Une étude génétique révèle l’histoire des rhinocéros et leur sombre avenir
Des chercheurs ayant analysé les génomes d’espèces de rhinocéros vivantes et disparues ont fait plusieurs découvertes sur l’ascendance et la dynamique des populations de ces animaux. Ils ont notamment constaté que les populations de rhinocéros se caractérisent depuis des millions d’années par une faible diversité génétique, considérée comme l’une des principales menaces pour leur conservation.
Image d’entête : Cette illustration présente une reconstitution des trois espèces de rhinocéros disparus dont les génomes ont été séquencés dans le cadre de l’étude. Au premier plan, on voit une licorne géante de Sibérie (Elasmotherium sibiricum) et, tout près derrière, deux rhinocéros de Merck (Stephanorhinus kirchbergensis). Au fond, un rhinocéros laineux (Coelodonta antiquitatis). (Beth Zaiken)
La plupart des rhinocéros se sont éteints avant le Pléistocène, et les scientifiques se sont longtemps interrogés sur les relations évolutives entre les cinq espèces vivantes et celles qui ont disparu depuis longtemps. La nouvelle étude (lien plus bas), révèle que les lignées africaines et eurasiennes se sont séparées il y a environ 16 millions d’années.
Selon le coauteur Love Dalén, du Centre de paléogénétique et du Musée suédois d’histoire naturelle :
Nous pouvons maintenant montrer que la branche principale de l’arbre de vie des rhinocéros se situe entre des régions géographiques, l’Afrique par rapport à l’Eurasie, et non entre les rhinocéros qui ont une corne par rapport à ceux qui en ont deux.
Le deuxième résultat important est que tous les rhinocéros, même ceux qui ont disparu, ont une diversité génétique relativement faible. Dans une certaine mesure, cela signifie que la faible diversité génétique que nous observons chez les rhinocéros actuels, qui sont tous en voie de disparition, est en partie une conséquence de leur biologie.
Le coauteur de l’étude, Mick Westbury, de l’Université de Copenhague, au Danemark, ajoute que :
Les huit espèces ont généralement présenté soit une diminution continue mais lente de la taille de leur population au cours des deux derniers millions d’années, soit une taille de population continuellement faible sur de longues périodes. Des tailles de population continuellement réduites peuvent indiquer que les rhinocéros en général sont adaptés à de faibles niveaux de diversité.
Les résultats sont cohérents avec le fait que les rhinocéros ont accumulé de grandes quantités de mutations génétiques délétères et sont restés relativement sains en tant que population malgré leur faible diversité génétique.

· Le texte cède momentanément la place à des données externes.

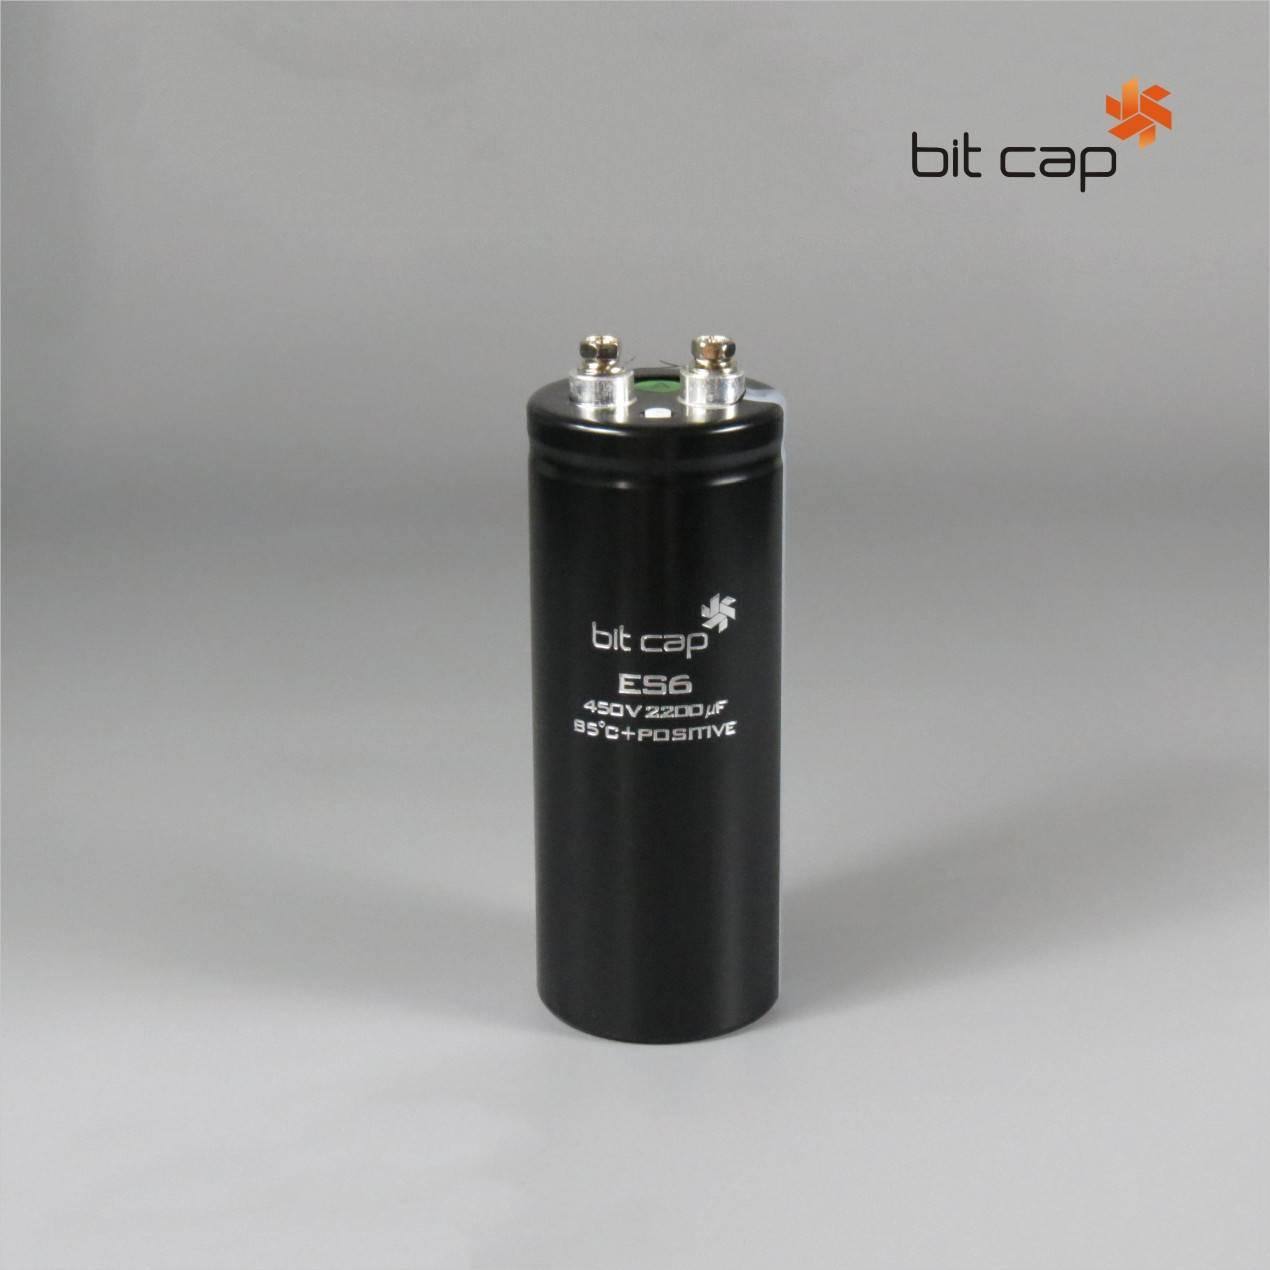 bit cap ES6  450V 2200uF  aluminum electronic capacitors
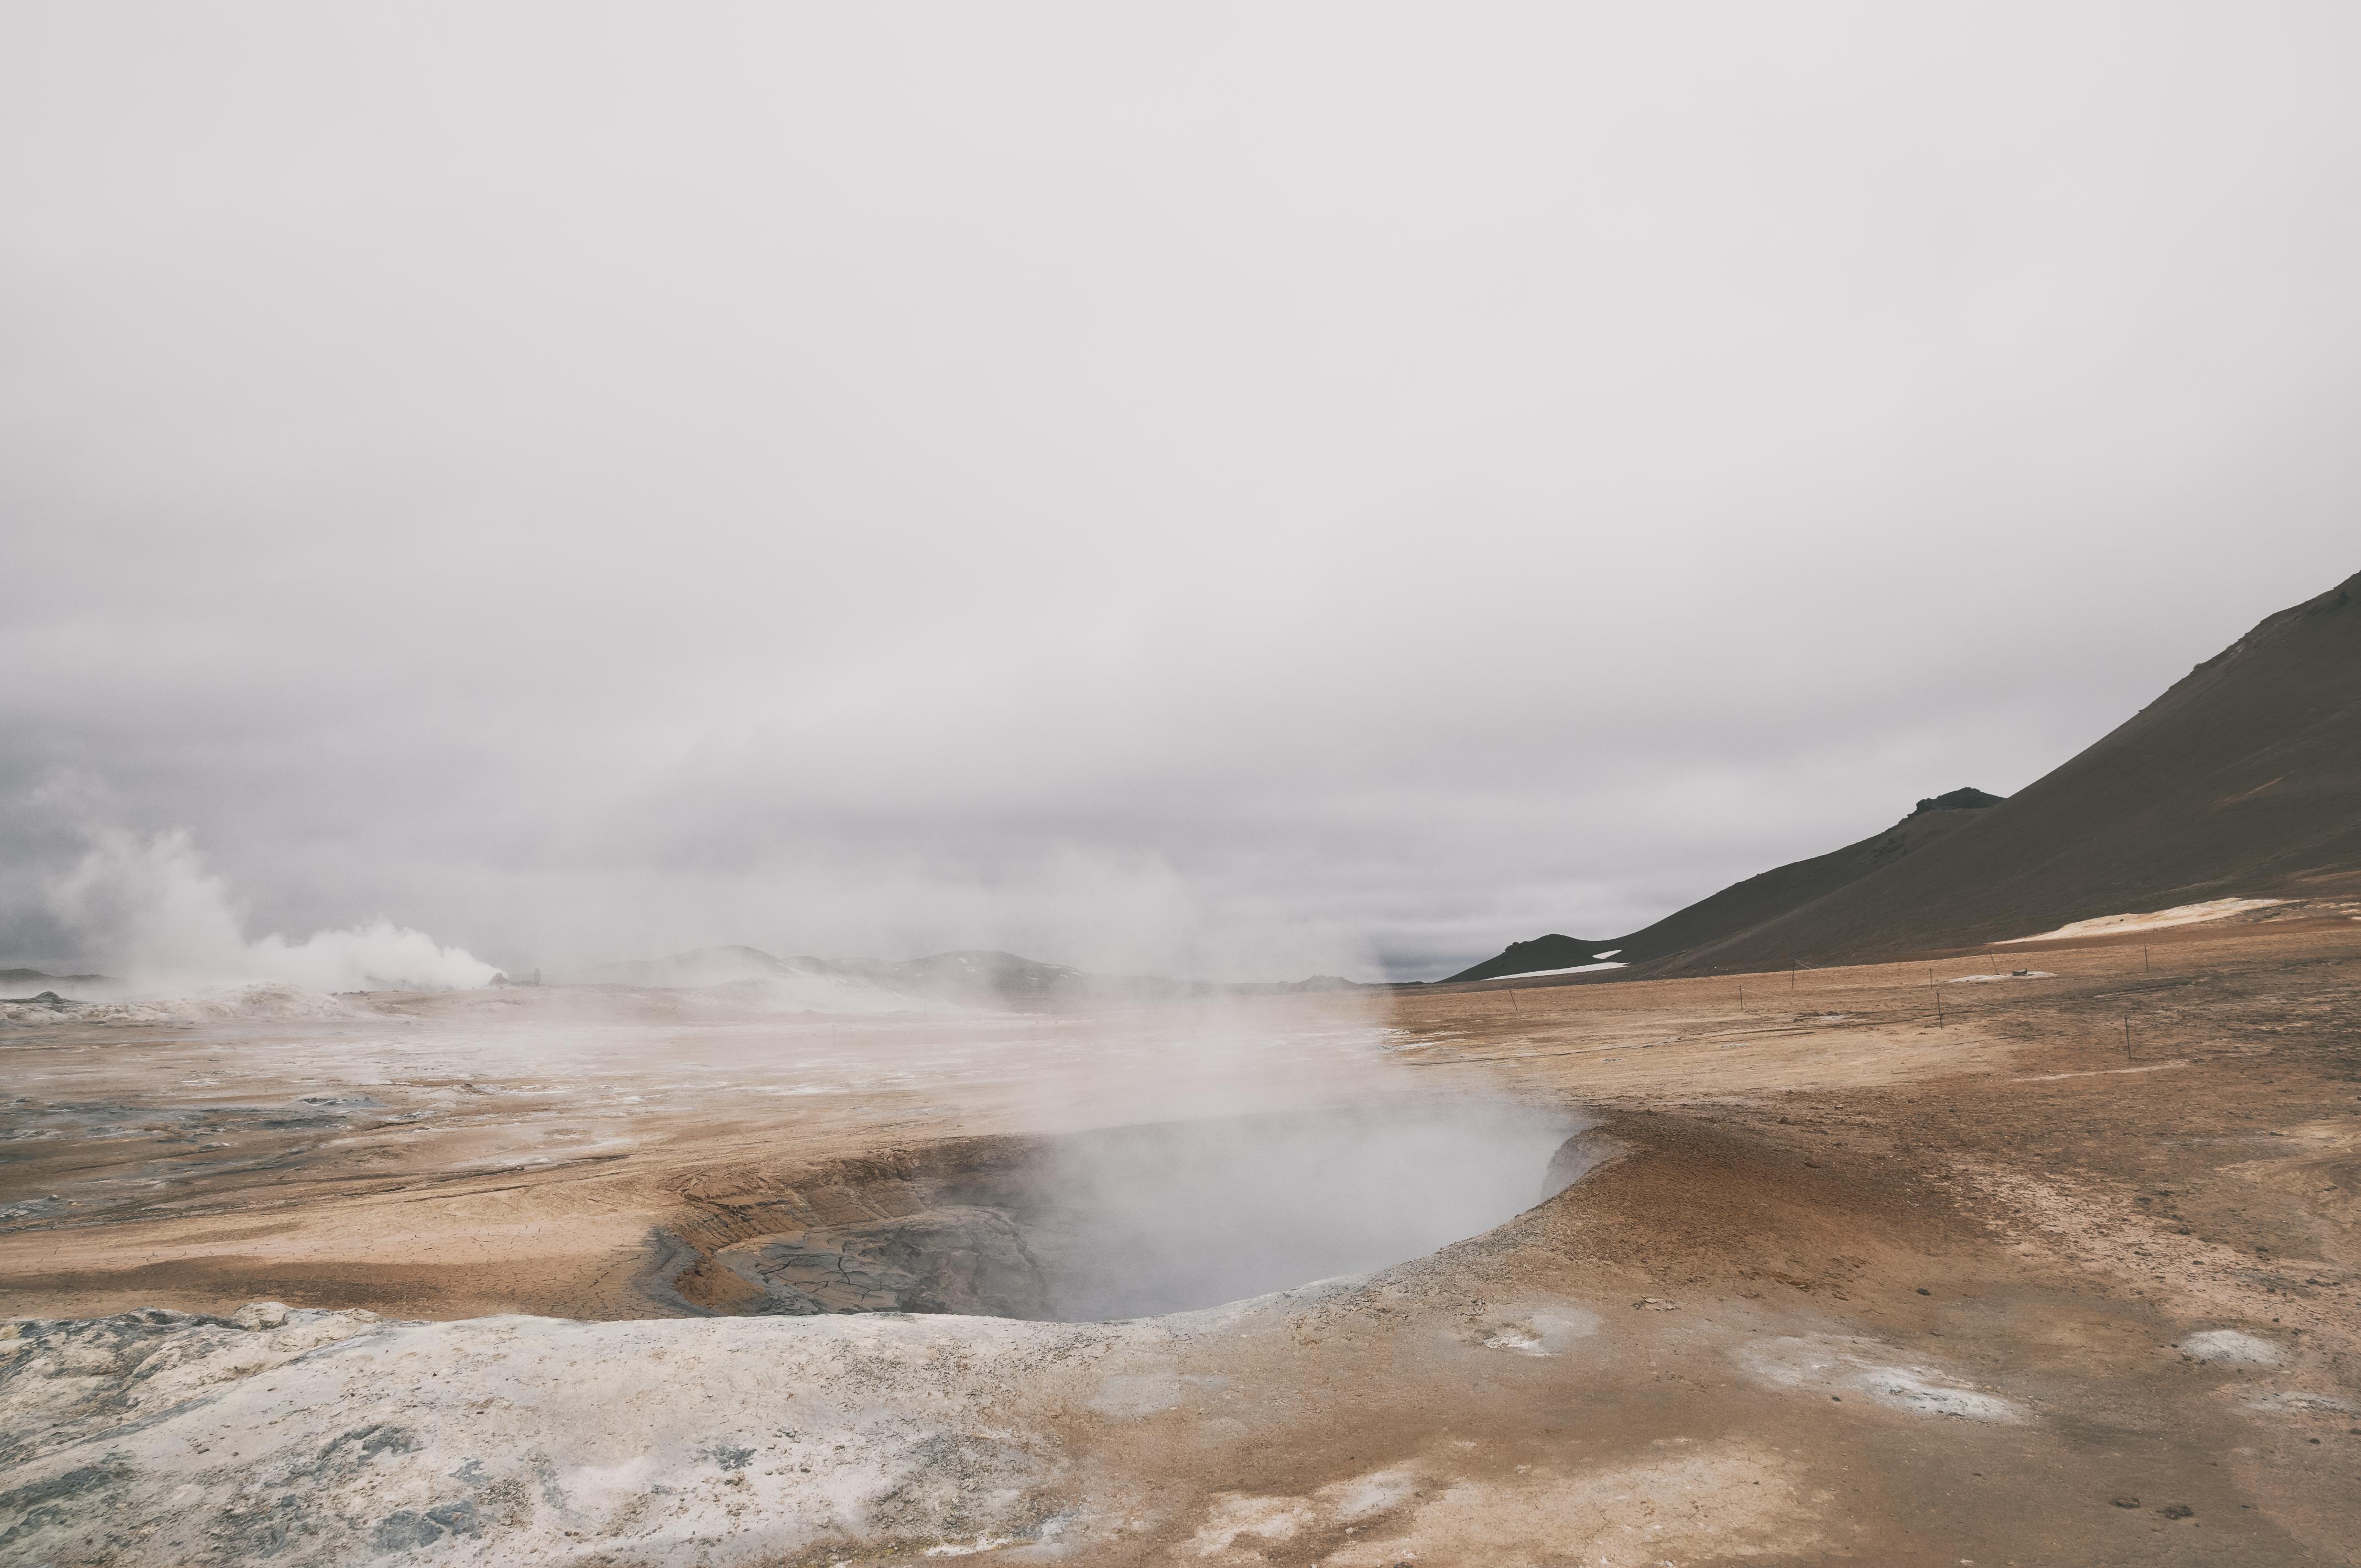 magazynkobiet.pl - 3 Obszar geotermalny Hverir - Zapiski z Północy, część 3. Islandia – miejsca magiczne

Selon Dalén, ces résultats sont « en partie une bonne nouvelle, en partie une mauvaise ». Le fait qu’une faible diversité génétique ne soit pas associée à une faiblesse ou à une mauvaise santé est une petite victoire pour les rhinocéros, mais la diversité des rhinocéros d’aujourd’hui est encore plus faible qu’elle ne l’était historiquement, ajoutant que :
Cela suggère que les récents déclins de population causés par la chasse et la destruction de l’habitat ont eu un impact sur les génomes. Ce n’est pas bon, car une faible diversité génétique et une forte consanguinité peuvent augmenter le risque d’extinction de l’espèce actuelle.
Les conclusions pourraient aider à la conservation des rhinocéros à l’avenir.
Selon Westbury :
Nous savons maintenant que la faible diversité que nous observons chez les individus contemporains n’est peut-être pas le signe d’une incapacité à se rétablir, mais plutôt un état naturel du rhinocéros. Nous pouvons mieux orienter les programmes de rétablissement pour qu’ils se concentrent sur l’augmentation de la taille de la population plutôt que sur la diversité génétique individuelle.
Dalén rapporte que son équipe travaille maintenant sur une étude plus approfondie du rhinocéros laineux éteint. Pendant ce temps, Westbury participe à la comparaison des génomes de rhinocéros noirs africains échantillonnés avant la récente diminution de la taille de la population avec ceux d’individus contemporains.
Nous espérons que cela fournira un cadre permettant de mieux comprendre d’où peuvent provenir les populations déplacées, les changements directs dans la diversité génétique et si certaines populations ont pu être perdues à jamais à cause de l’humain.
L’étude publiée dans Cell : Ancient and modern genomes unravel the evolutionary history of the rhinoceros family et présentée sur le site du GLOBE Institute de l’Université de Copenhague : Geneticists map the rhinoceros family tree.